Sara Josephine Baker
Sara Josephine Baker (November 15, 1873 – February 22, 1945) was an American physician notable for making contributions to public health, especially in the immigrant communities of New York City. Her fight against the damage that widespread urban poverty and ignorance caused to children, especially newborns, is perhaps her most lasting legacy.[1] In 1917, she noted that babies born in the United States faced a higher mortality rate than soldiers fighting in World War I, drawing a great deal of attention to her cause.[2] She also is known for (twice) tracking down Mary Mallon, better known as Typhoid Mary.
"Sara Baker" redirects here. For the American-born French entertainer, see Josephine Baker. For other uses, see Sarah Baker (disambiguation).
Sara Josephine Baker
February 22, 1945
New York Infirmary Medical College
Assistant Surgeon General,
first woman appointed as Professional Representative to the League of Nations
Early life[edit]
Baker was born in Poughkeepsie, New York, in 1873 to a wealthy Quaker family. After her father and brother died of typhoid, Baker felt pressure to support her mother and sister financially.[3][4] So, at the age of 16, Baker decided on a career in medicine.[5][6]

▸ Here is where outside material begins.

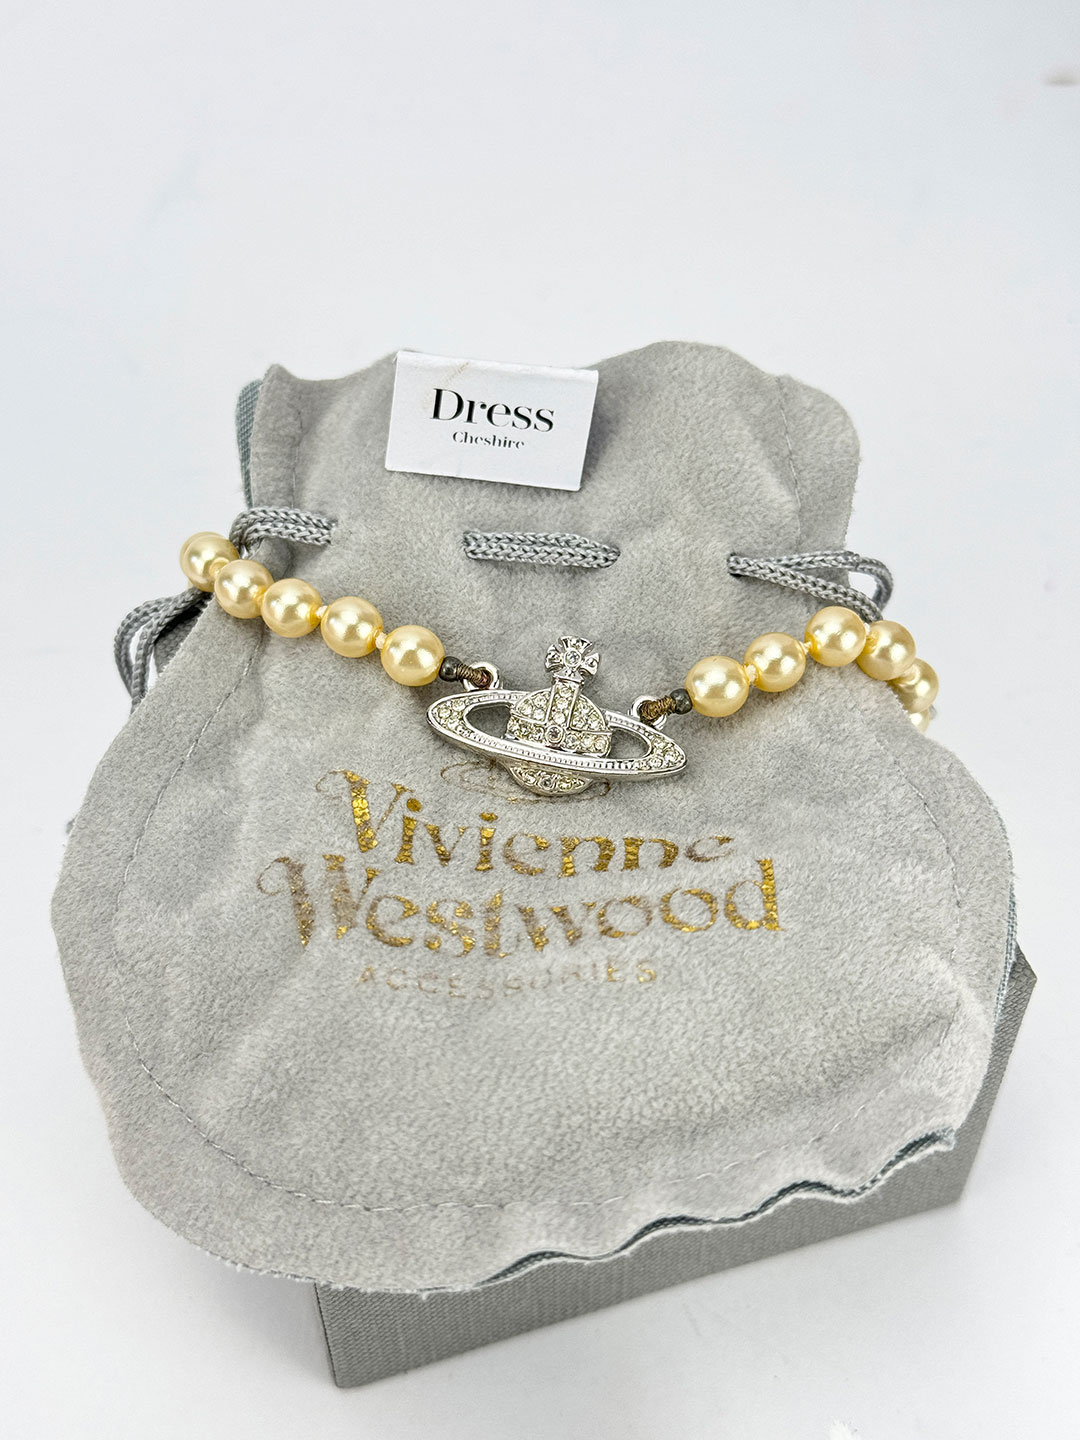 Vivienne Westwood Pearl Necklace - Dress Cheshire | Preloved Designer ...

After studying chemistry and biology at home, she enrolled in the New York Infirmary Medical College, a medical school for women, founded by the sisters and physicians Elizabeth Blackwell and Emily Blackwell.[7] The only class she failed—"The Normal Child", taught by Anne Daniel—led to her fascination with the future recipient of her attention, "that little pest, the normal child".[1] Upon graduation as second in her class in 1898, Baker began a year-long internship at the New England Hospital for Women and Children in Boston.[1][8]
Baker began practicing as a private physician in New York City following her internship.[9] In 1901, Baker passed the civil service exam and qualified to be a medical inspector at the Department of Health, and worked as a part-time inspector in 1902.[10] Known as "Dr. Joe," she wore masculine-tailored suits and joked that colleagues forgot that she was a woman.[11]
Professional recognition[edit]
Josephine Baker was becoming famous, so much so that New York University Medical School asked her to lecture there on children's health, or "child hygiene", as it was known at the time. Baker said she would if she could also enroll in the school. The school initially turned her down, but eventually acquiesced after looking unsuccessfully for a male lecturer to match her knowledge.[4][19] In 1917, Baker became the first woman to receive a doctorate in public health.[20]
After the United States entered World War I, Baker became even better known. Most of this publicity was generated from her comment to a New York Times reporter. She told him that it was "six times safer to be soldier in the trenches of France than to be a baby born in the United States."[21] She was able to start a lunch program for school children due to the publicity this comment brought. She made use of the publicity around the high rate of young men being declared 4F (not eligible for draft due to poor health) as a motivating factor for support in her work on improving the health of children.
Baker was offered a job in London as health director of public schools, a job in France taking care of war refugees, and a job in the United States as Assistant Surgeon General.[19]
Personal life[edit]
Baker spent much of the later part of her life with Ida Alexa Ross Wylie, a novelist, essayist, and Hollywood scriptwriter from Australia who identified as a "woman-oriented woman". When Baker retired in 1923, she started to run their household while writing her autobiography, Fighting For Life. In 1935 and four years before her autobiography was published, Baker and Wylie decided to move to Princeton, New Jersey, with their friend Louise Pearce.[22] Based on the similarity of tone and phrasing of Fighting for Life to Wylie's memoir, My Life with George, writer Helen Epstein postulates that Wylie may have helped Baker write her autobiography.[1] Beyond the memoir, little is known about Baker's life, as she "appears to have destroyed all her personal papers."[1][23]
Retirement[edit]
In 1923, Baker retired, but she did not stop working.[22][24] She became the first woman to be a professional representative to the League of Nations when she served on the Health Committee for the United States from 1922 to 1924.[4] She was also active in many groups and societies including over twenty-five medical societies and the New York State Department of Health. She became the president of the American Medical Women's Association and wrote four books, an autobiography, and 250 articles across the professional and popular press.[13][25]
Sara Josephine Baker died from cancer on February 22, 1945, in New York City.[4][24]